The aim of Russia's new military offensive in east Ukraine is to grab land, establish an overground link between territories in the east and Crimea, and crush Ukraine's armed forces, Ukraine's defence ministry said on Tuesday.
Ministry spokesperson Oleksandr Motuznyak said Russian forces were attacking along the entire frontline in eastern Ukraine, pressing their siege of Mariupol in the south and trying to encircle cities in the regions of Donetsk and Luhansk.
"The goal is to defeat the Ukrainian forces, to establish control over the territory of the Luhansk and Donetsk regions and establish a land corridor to Crimea," Motuznyak told a briefing.
Russian-backed separatists who rose up in 2014 have declared so-called people's republics in territory they control in parts of the Luhansk and Donetsk regions.
Ukrainian officials have repeatedly said Moscow wants to seize Mariupol and all the territory that Ukrainian government forces still hold in Luhansk and Donetsk to create a land link with Crimea, which Russia seized and annexed in 2014.

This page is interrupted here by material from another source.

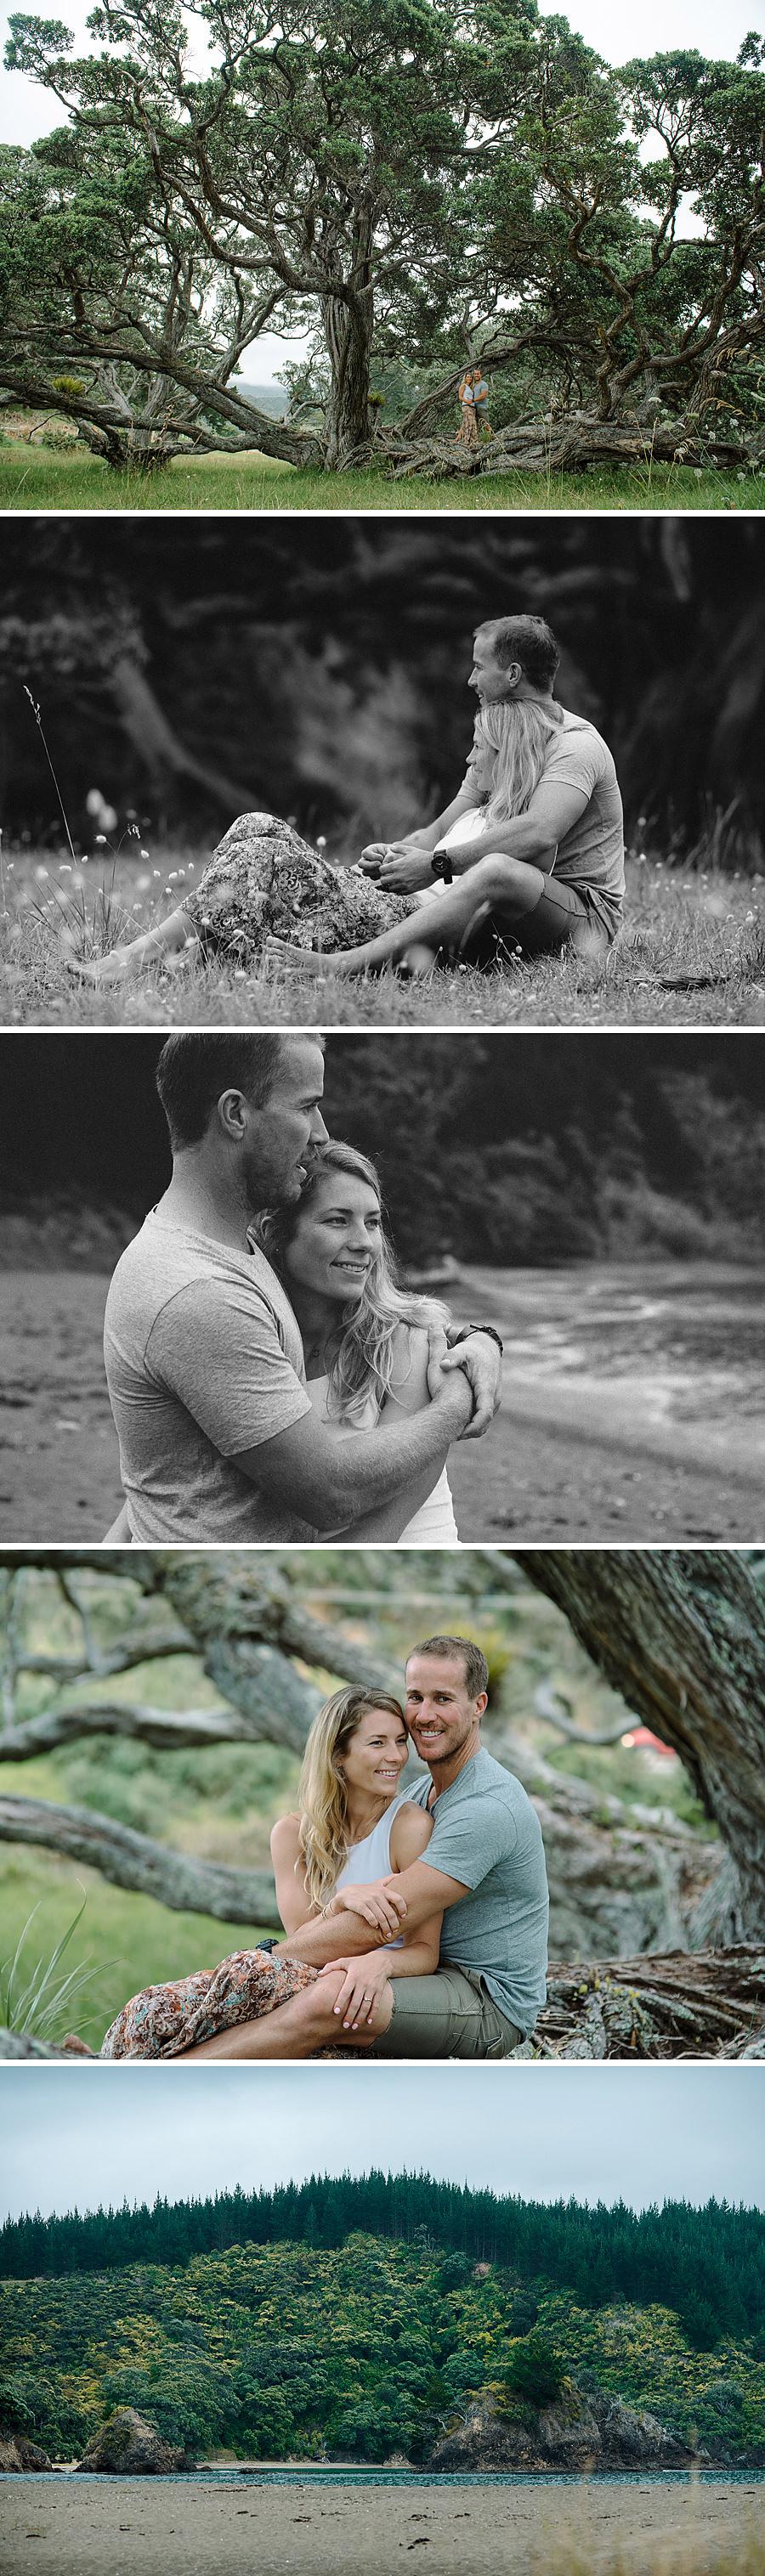 Engagement photographer Jess Burges_Northland New Zealand
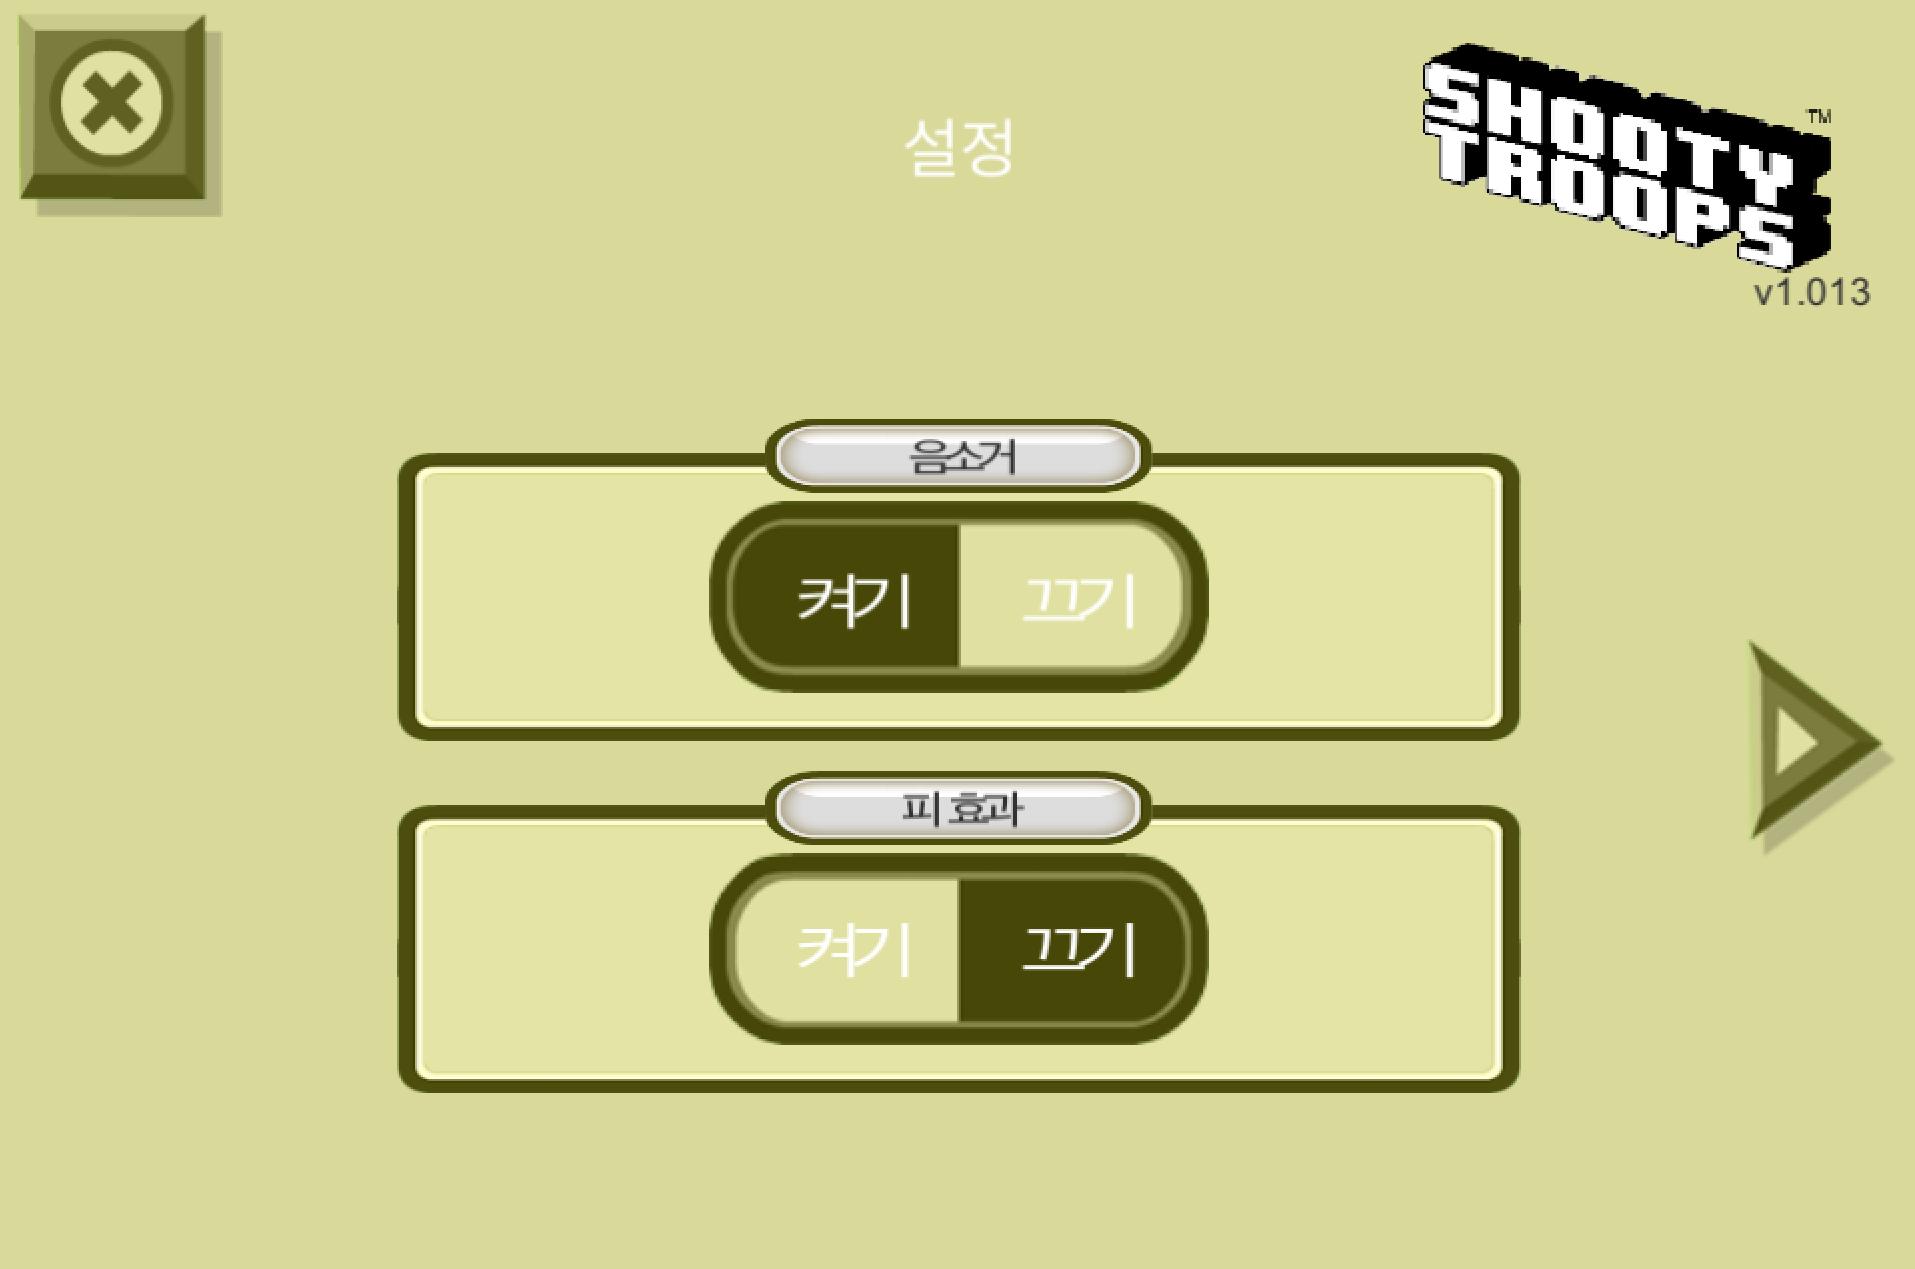 Settings in Korean

"The main efforts are to break through the positions held by Ukrainian troops and they have not stopped trying to gain full control over Mariupol," Motuznyak said.
Summing up Russia's tactics, he said: "Usually, they are: powerful artillery preparation, an attempt to storm particular positions, attempts to stymie the actions of units of Ukraine's armed forces, attempts to surround our units, and to capture settlements. Russia is mainly waging war according to the textbooks of the Soviet era."